■ **WHAT TO DO**
Images are not part of the copy; write out the rest of the data exactly as given.

■ **INFORMATION SUPPLIED**

┌────────

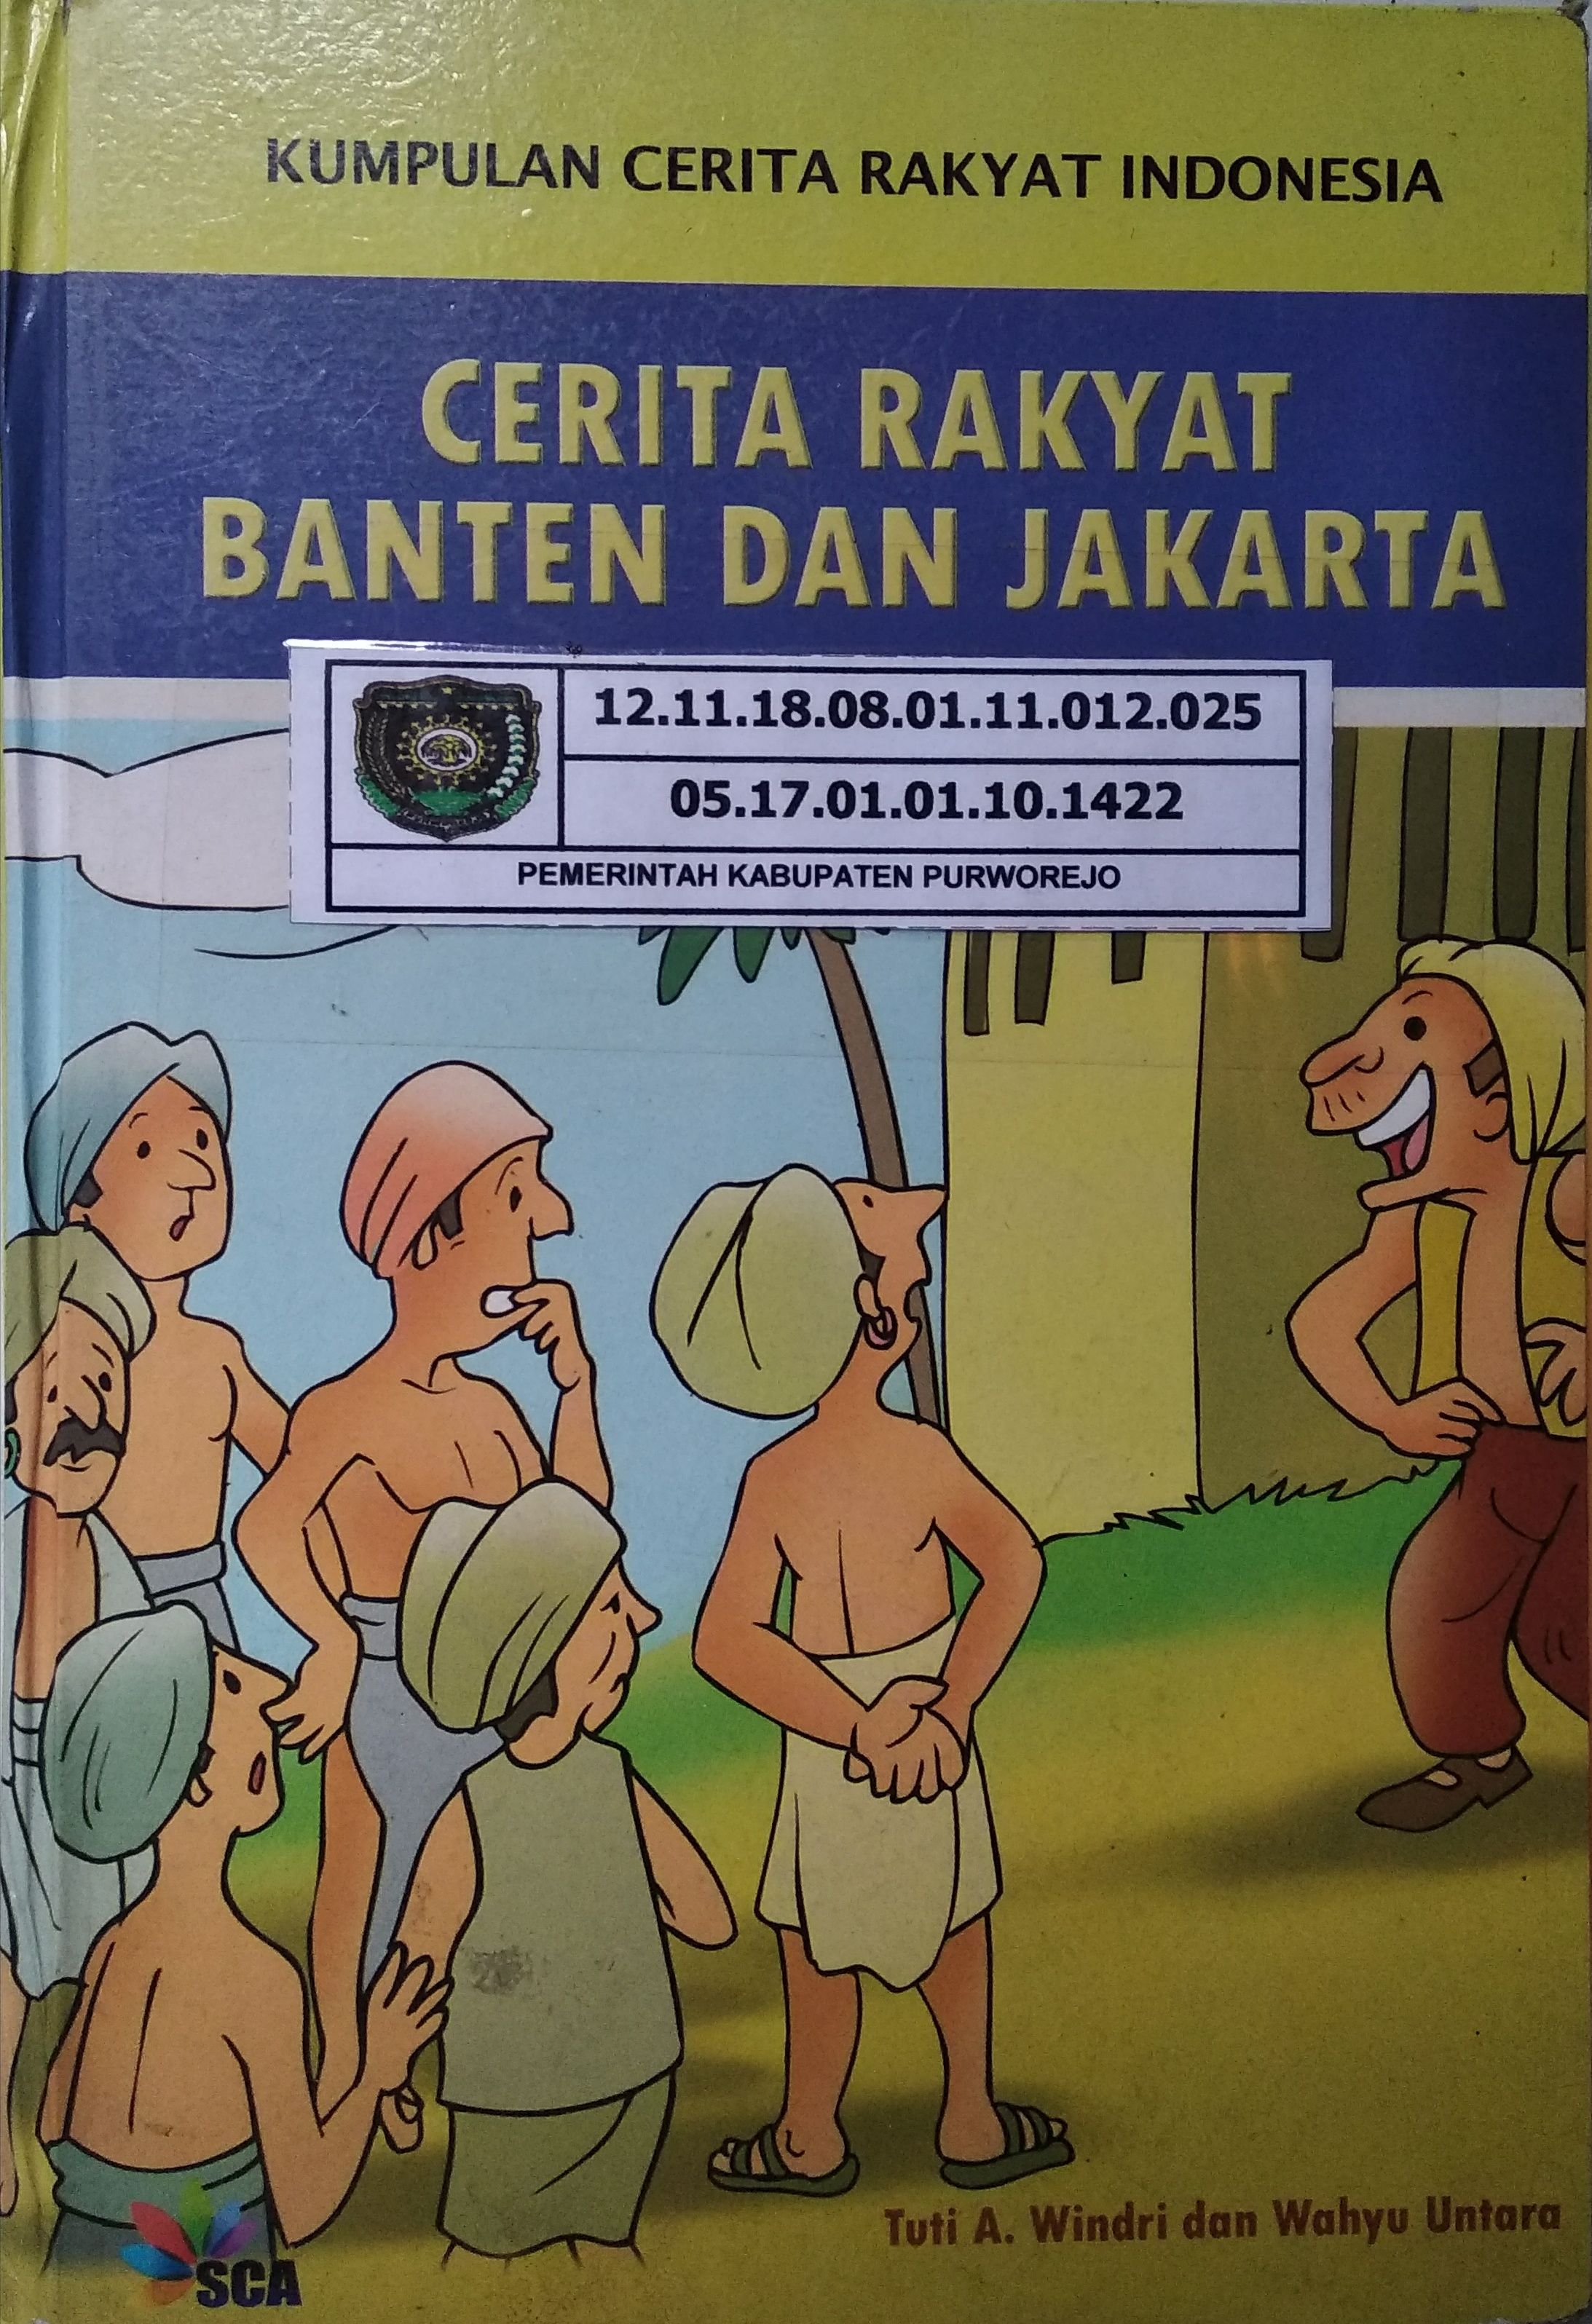 Resensi Buku "Cerita Rakyat Banten dan Jakarta" oleh Sinta sukmadewi Halaman all Kompasiana
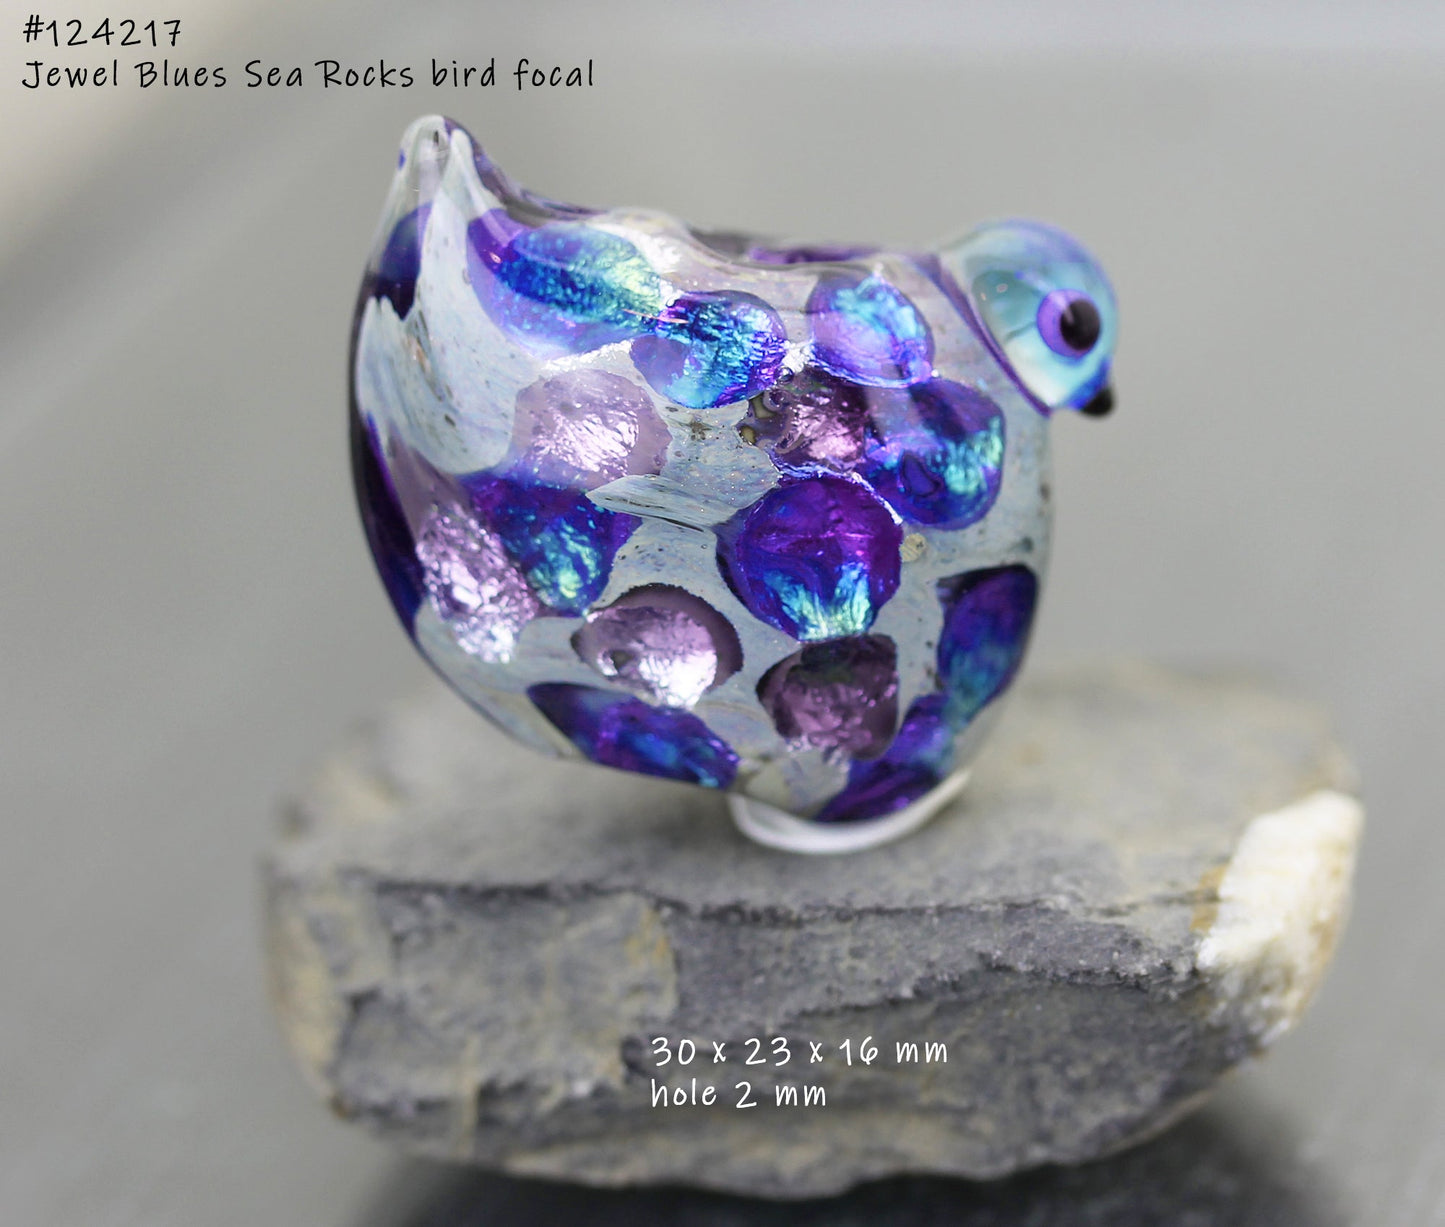 MTO Lentil Sea Rocks Blue Jewels #124217l
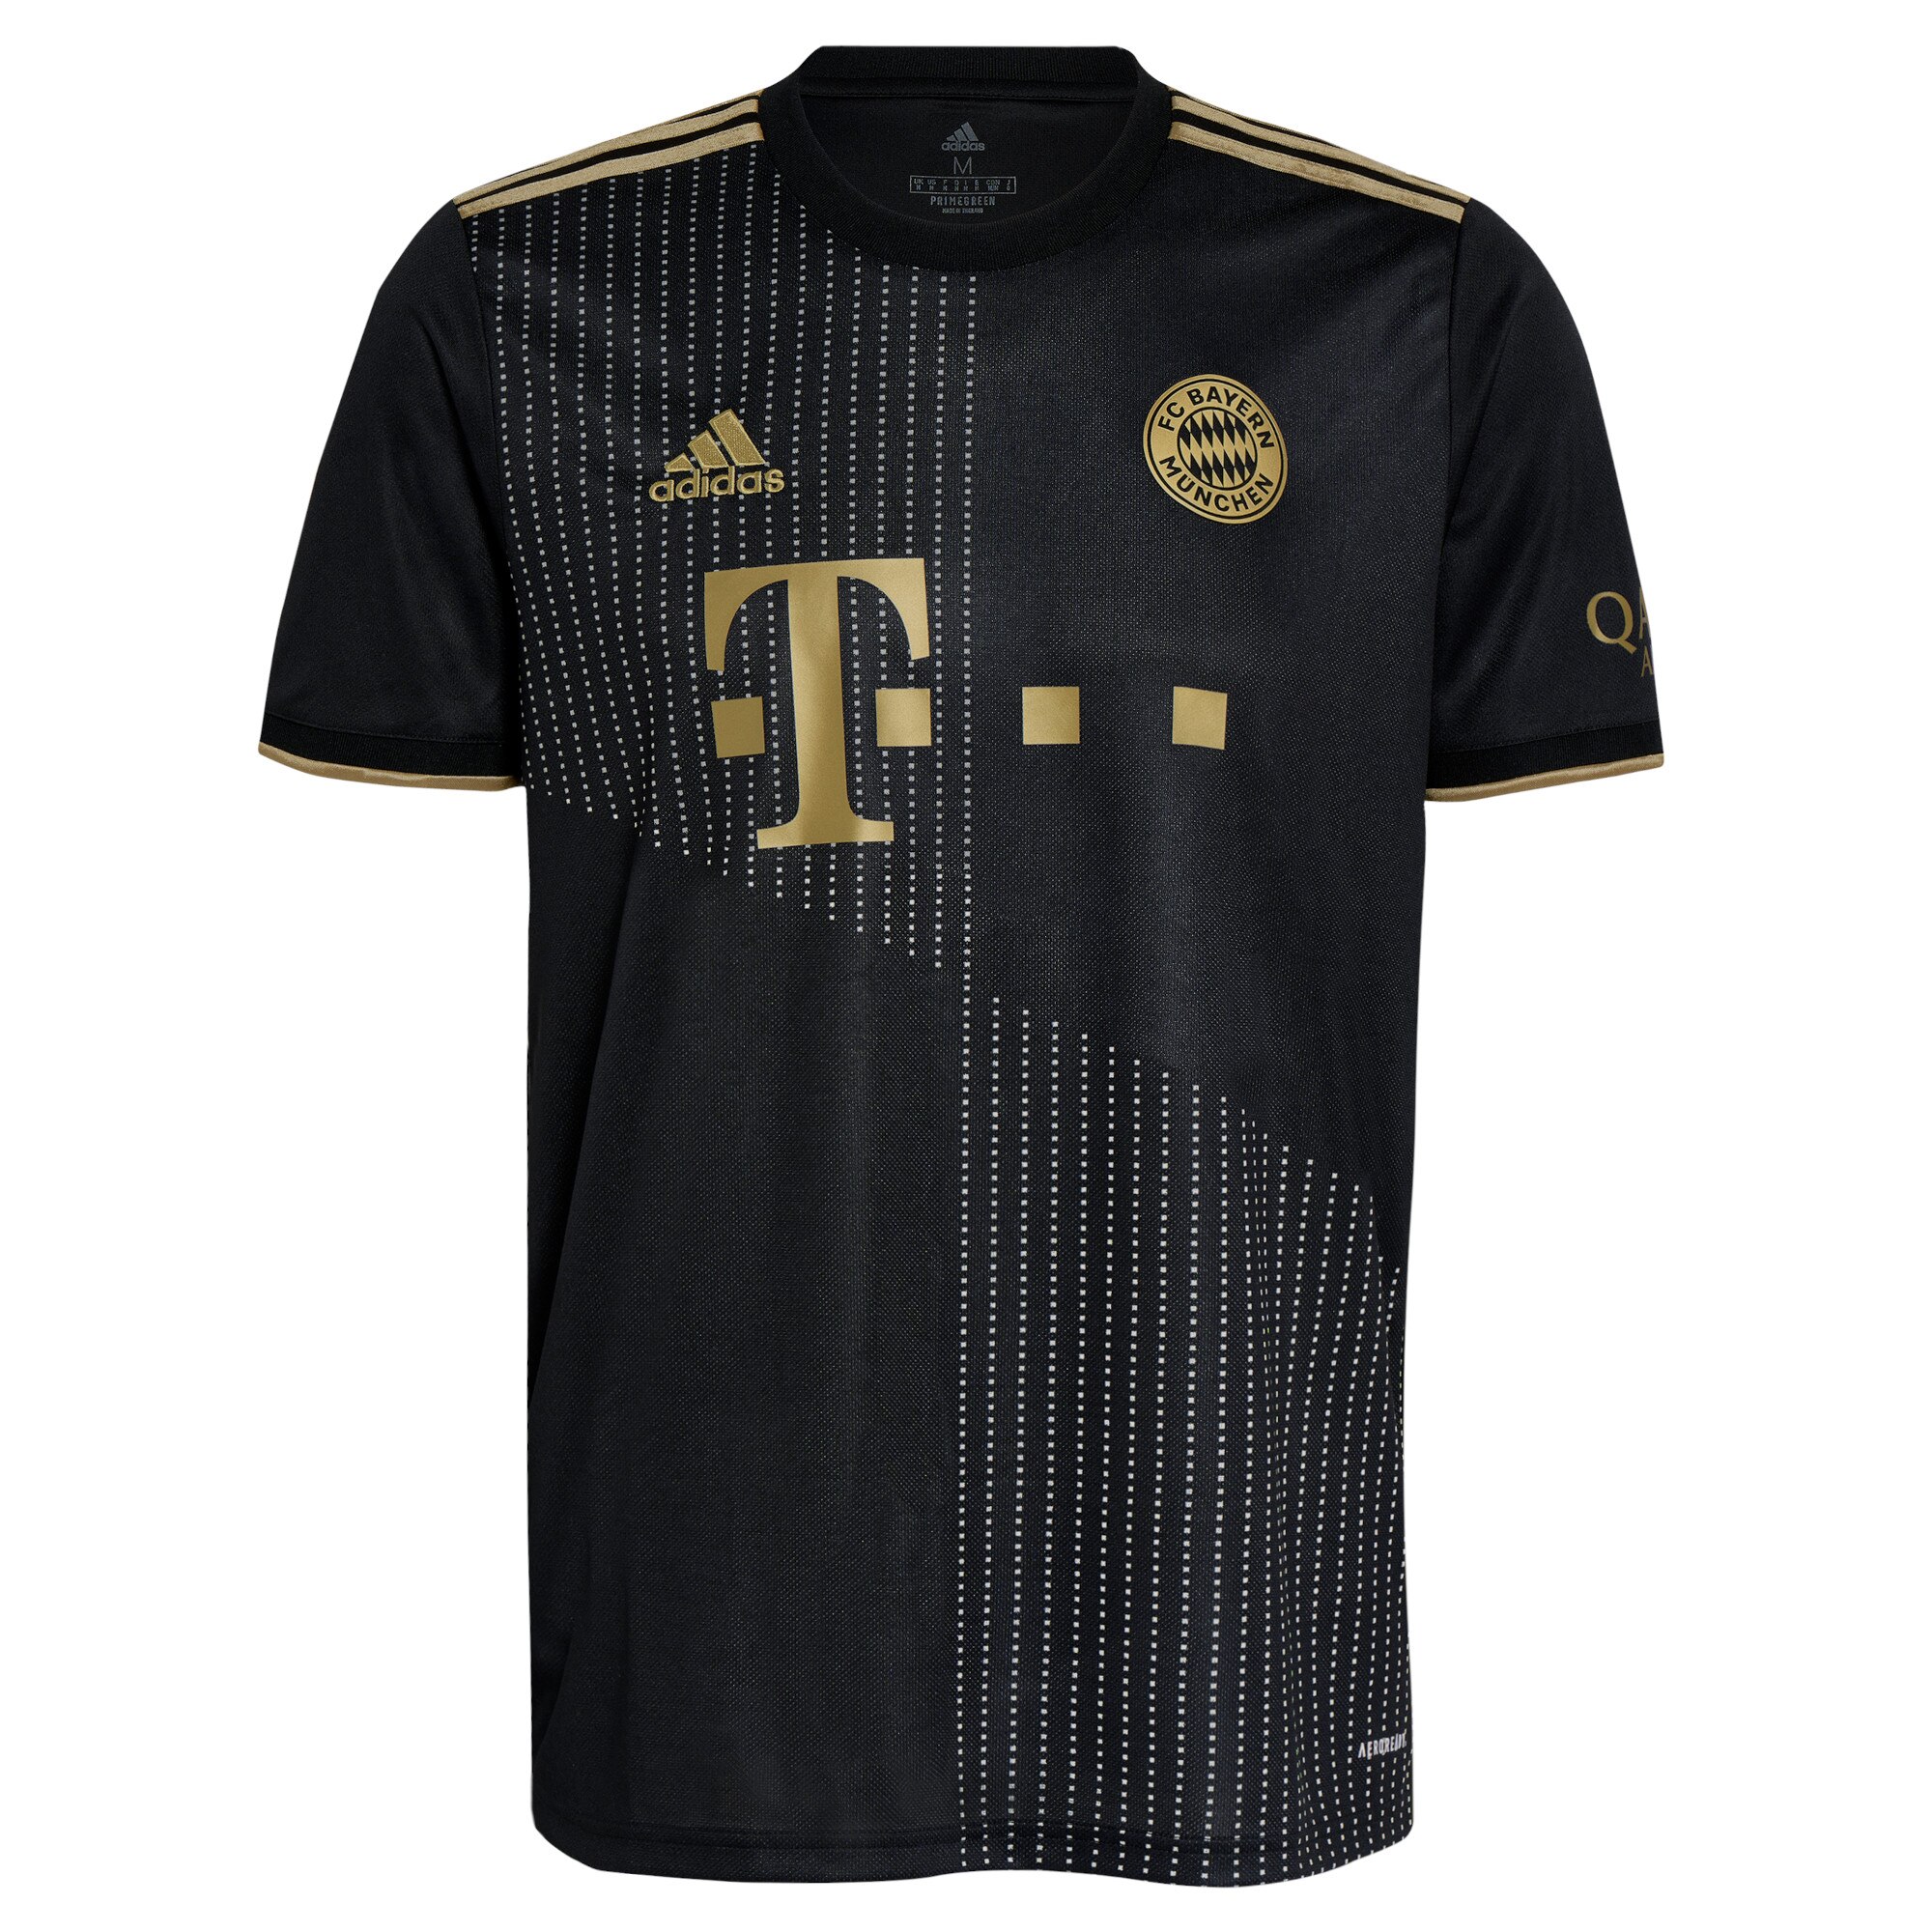 FC Bayern Away Shirt 2021-22 with O. Richards 3 printing

└────────

■ **ANSWER AREA**
 Resensi Buku "Cerita Rakyat Banten dan Jakarta" oleh Sinta sukmadewi Halaman all Kompasiana
 MTO Lentil Sea Rocks Blue Jewels #124217l
 FC Bayern Away Shirt 2021-22 with O. Richards 3 printing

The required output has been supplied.